Dans les sociétés occidentales contemporaines, la transmission du nom et du prénom se retrouve souvent au coeur des discussions entourant un projet de procréation (Bromberger 1982 ; Offrey 1993 ; Hassoun 1995 ; Théry 2002 ; Fine et Ouellette 2005). À partir d’une étude réalisée sur les registres de baptême d’une paroisse anglaise, Massard-Vincent (2011) montre que les prénoms du père et de la mère sont donnés à leur enfant dans une proportion significative, signalant ainsi le souhait de laisser un élément personnel des deux parents dans l’inscription civile de leur enfant. De même, des études récentes sur la transmission des noms et prénoms au Québec (Lemieux 2005 ; Ouellette 2013 ; Charton et Lemieux 2015) montrent comment le choix du nom de famille et du (des) prénom(s) constitue dorénavant une activité symbolique d’attente de l’enfant et de construction du couple où les (futurs) parents redéfinissent en interaction les liens de filiation et les liens généalogiques.
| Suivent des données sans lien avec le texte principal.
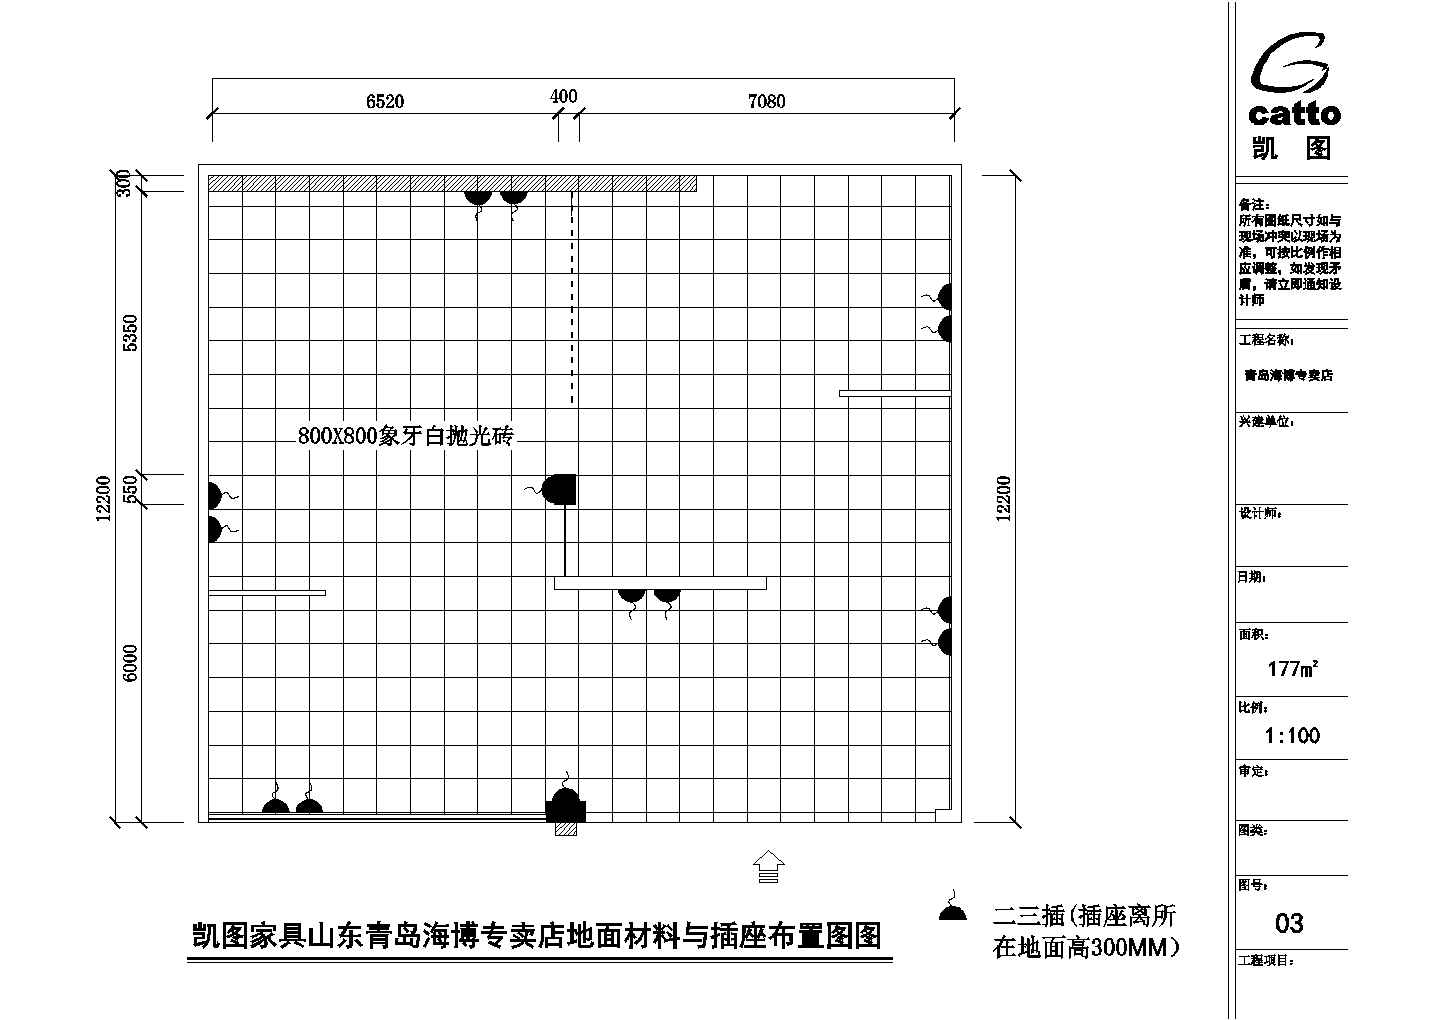 【青岛】某地精品家具专卖店全套装修设计施工cad图

Dans les sociétés non occidentales, la conservation du nom est aussi une préoccupation importante comme chez les Sabé du Dahomey, car « il est toujours agréable, pour un homme, d’avoir des enfants mâles ; ainsi son nom se conservera après sa mort et se perpétuera dans la famille » (Palau-Marti 1968 : 65-66). Transmettre son nom est également un objectif essentiel des patrilignages des Chinois (Capdeville-Zeng 2009), tout comme ceux des Tukanuan amazoniens où les noms donnés aux enfants sont ceux de parents morts et jouent un rôle dans la construction et la perpétuation des systèmes patrilignagers (Hugh-Jones 2006). L’importance de la naissance d’un enfant, et notamment d’un garçon, est liée non seulement à la pérennisation du nom de l’ancêtre pour la continuité du lignage, comme c’est le cas encore aujourd’hui dans la plupart des sociétés africaines et asiatiques (Palau-Marti 1968 ; Massard-Vincent et Pauwels 1999 ; Guérin 2002 ; Pashigian 2002 ; Cassagne 2006), mais aussi à des motivations socioreligieuses et à des questions d’héritage, en raison de règles de résidence patrilocales (Ebenstein 2014). La continuité de la lignée et de l’identité ethnoculturelle et religieuse à travers l’enfant constitue une des préoccupations essentielles rapportées dans le contexte migratoire (Le Gall et Meintel 2005). C’est le cas chez des couples d’origine turque vivant aux Pays-Bas et en traitement pour infertilité pour lesquels ces motifs restent très importants, bien qu’avec l’acculturation ils s’estompent et se rapprochent davantage de ceux des Néerlandais de souche (qui présentent des motivations moins communautaristes et plus individualistes) et ce, autant chez les hommes que chez les femmes (Van Rooij et al. 2006).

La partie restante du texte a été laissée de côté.